Figure 7.. Knockout of TgMIC2 results in the loss of the constriction and less directional motility.

(A) Representative plots of nuclear shape (ratio of the nuclear diameters perpendicular vs. parallel to the long axis of the parasite) in one wildtype and one TgMIC2 knockout parasite (black circles and green squares, respectively), as the parasites moved over time. The wild-type parasite underwent multiple concurrent constrictions along its trajectory. For the combined data from multiple parasites, see Figure 7—figure supplement 1A. (B) Ratio of parasite displacement (D) to trajectory length (L) for wildtype (n=1399) and TgMIC2 knockout (n=165) parasites (black circles and green squares, respectively). The calculated means (± SD) are from three independent biological replicates, each consisting of three technical replicates (see Figure 7—figure supplement 1B). In panels A and B, ‘WT’ refers to the TgMIC2 LoxP parasites (Gras et al., 2017) before treatment with rapamycin to excise MIC2.
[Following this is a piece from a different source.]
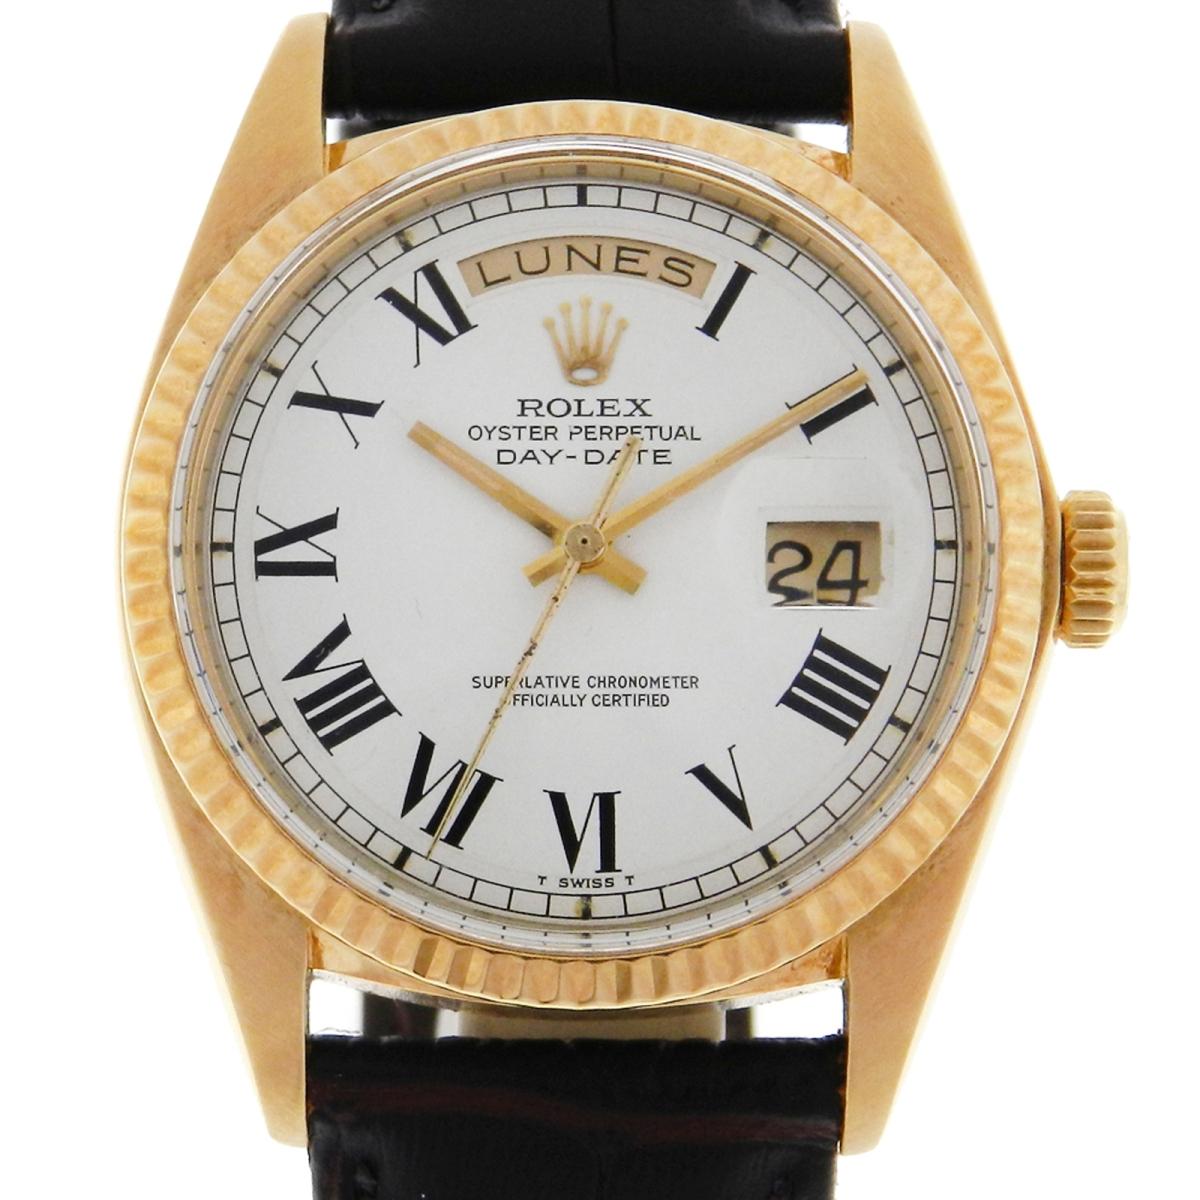 9462cf4b01f Relógio Rolex Day-Date Oyster Presidente - Referencia 1

Figure 7—figure supplement 1.. In parasites lacking TgMIC2, the nuclei do not change shape during 3D motility and the trajectories are less straight than those of wild-type parasites.

(A) Ratio of nuclear diameter perpendicular (width) vs. parallel (length) to the long axis of the parasite in moving wild-type (WT) and TgMIC2 knockout (MIC2 KO) parasites, over time. For each parasite line, data from two independent biological replicates were combined; n=9 parasites (WT) and n=10 parasites (MIC2 KO). For the WT parasites, triangles indicate time points when the nucleus was passing through a constriction and circles when the nucleus was not passing through a constriction. (B) Ratio of parasite displacement to trajectory length for WT and MIC2 KO parasites. The horizontal bars indicate means (+/-SD) from three independent biological replicates, each consisting of 3 technical replicates; n=1,399 total trajectories (WT) and n=165 total trajectories (MIC2 KO). The individual data points are plotted in Figure 7B. The data were compared by Student’s two-tailed t-test. Note that in panels D and E, “WT” refers to the TgMIC2 LoxP parasites (Gras et al., 2017) before treatment with rapamycin to excise MIC2.